Ah, the "f word." I hate it, but I have to live with it. Sometimes I feel like the "f word" is ruling my life. The "f word" is fibromyalgia in case you didn't figure that out yet. I want to take my life away from fibro, but I can't seem to find a way to. Also I'm having problems that come along with fibromyalgia, like digestive problems that I suspect are caused by IBS, and pelvic pain. I had a doctor appointment set up at Katy Trail (the poor people doctor office) but I chickened out and didn't go. It was for the suspected IBS. There really isn't much they can do anyway. Then I had an appointment set up at my gyno's office for the pelvic pain I've been experiencing for months. I once again cancelled because I chickened out. When you already hurt having your hoo-hah examined first thing in the morning isn't fun. Well gyno visits, or any doctor visits are not fun, but some visits are much less fun than others. In fact it's the opposite of fun.
Right now I'm relaxing on the couch waiting for my honey to get home. Maybe relaxing isn't the right word. I wish I could relax! Instead I am sitting partially slouched over because of back pain, my flopping shoulder joints are supported by my elbows on my thighs, I can feel the pain and tightness in my neck, upper and middle back radiating down my body. My fingers hurt too bad to write but fortunately I can still type. My ankle joints are loose and painful. I can feel all my muscles tight, and in pain. Not even my toes are exempt from pain.

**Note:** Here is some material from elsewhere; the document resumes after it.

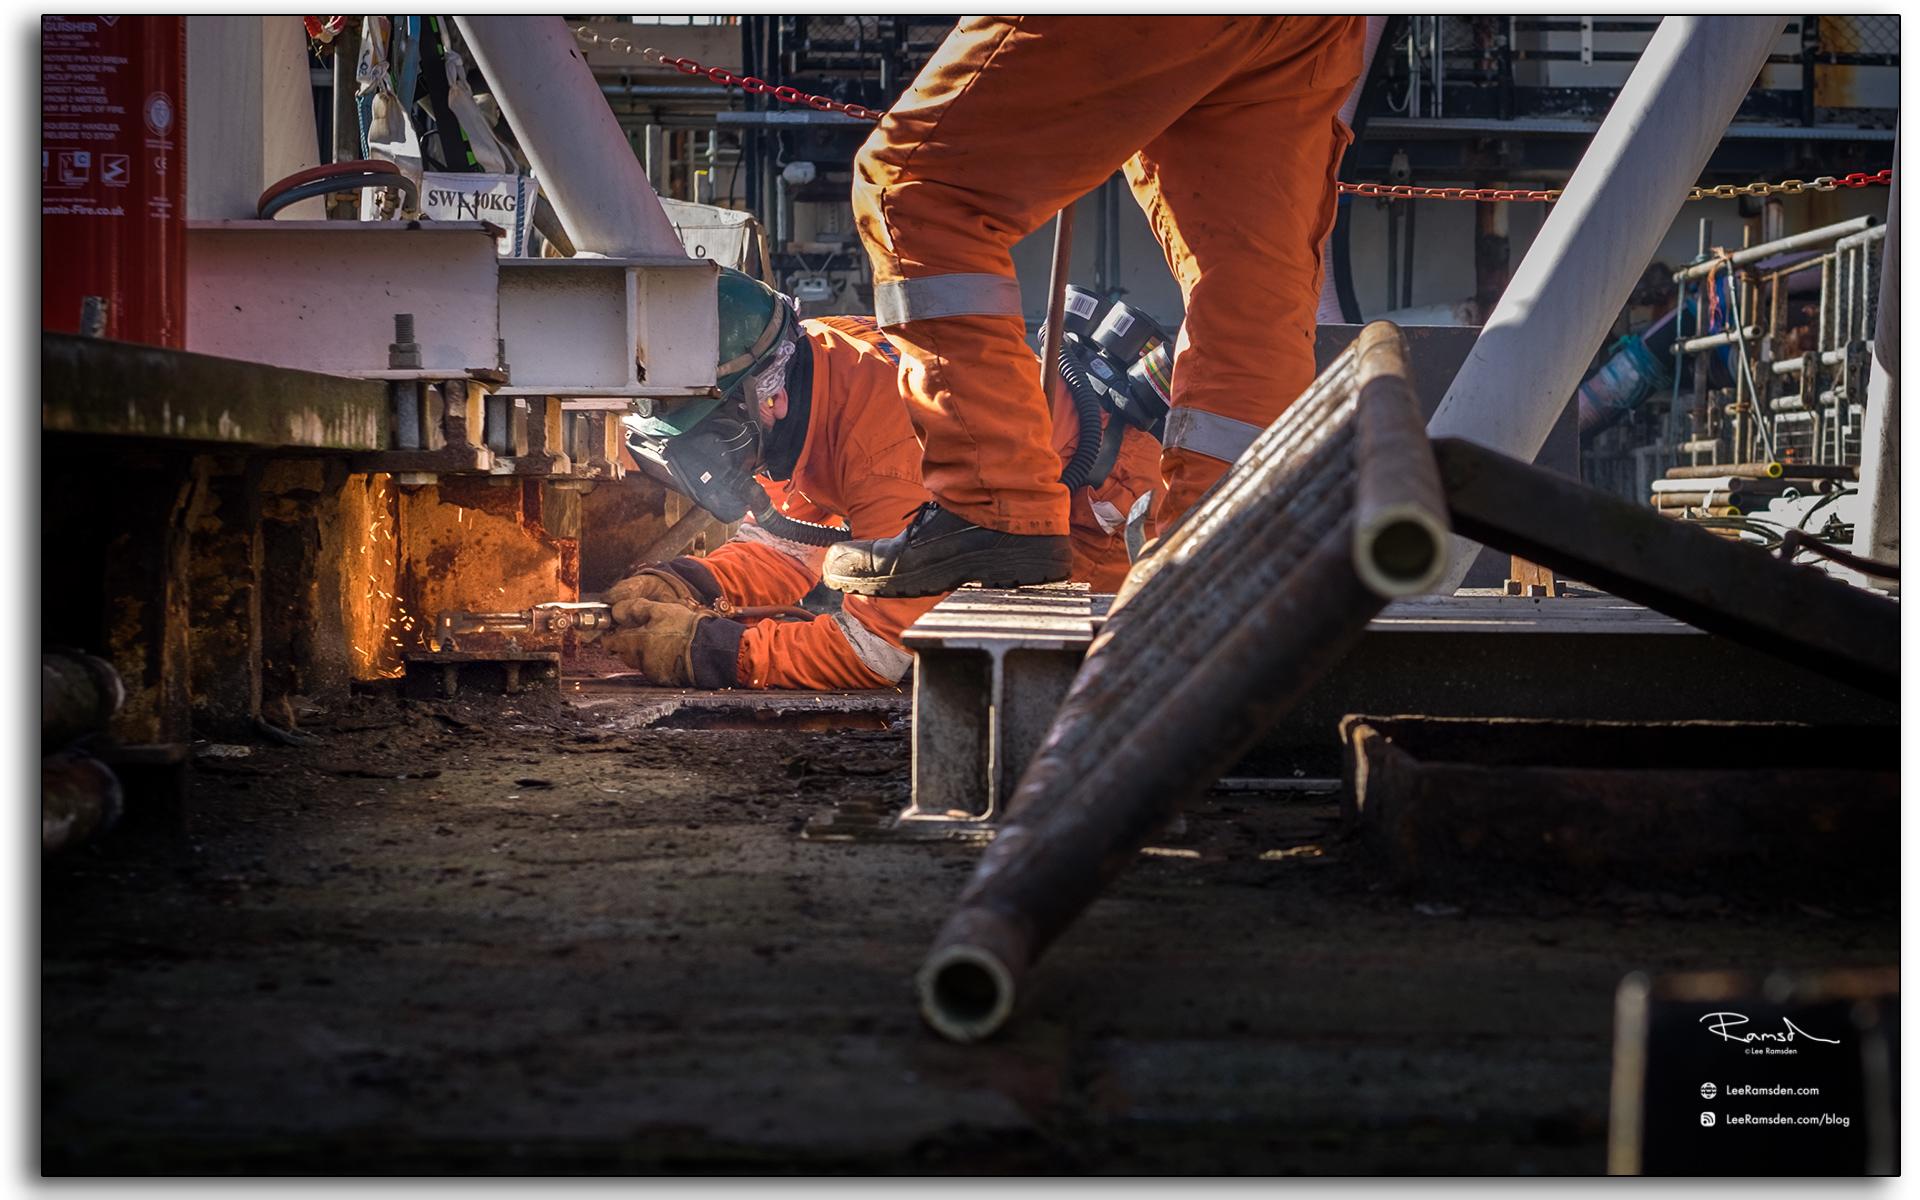 BP Miller, decommissioning, Petrofac, Saipem, BP, buring, oxygen, acetylene, rig removal, cutting, burning, industrial, north sea, photo taken by Lee Ramsden

Now if I told you this when you asked how I was, you'd run, wouldn't you? No one seems to really care about how others feel. People tend to only worry about their own problems. One of the things I've learned in the last 8 months is that other spoonies are very supportive of each other. When I tell a spoonie friend what is going on they care. I mean they don't just give a half-hearted "Uh, huh, get better soon." My spoonie friends really care. I really care about them, too. I'm not saying that non-spoonies don't care at all, I'm just talking about my experiences. My bff Om really cares, as does her family. My wonderful pen pals really care, at least most of them. So there are people in my life who I know care. Last but certainly not least, I know that my husband, Jim, cares.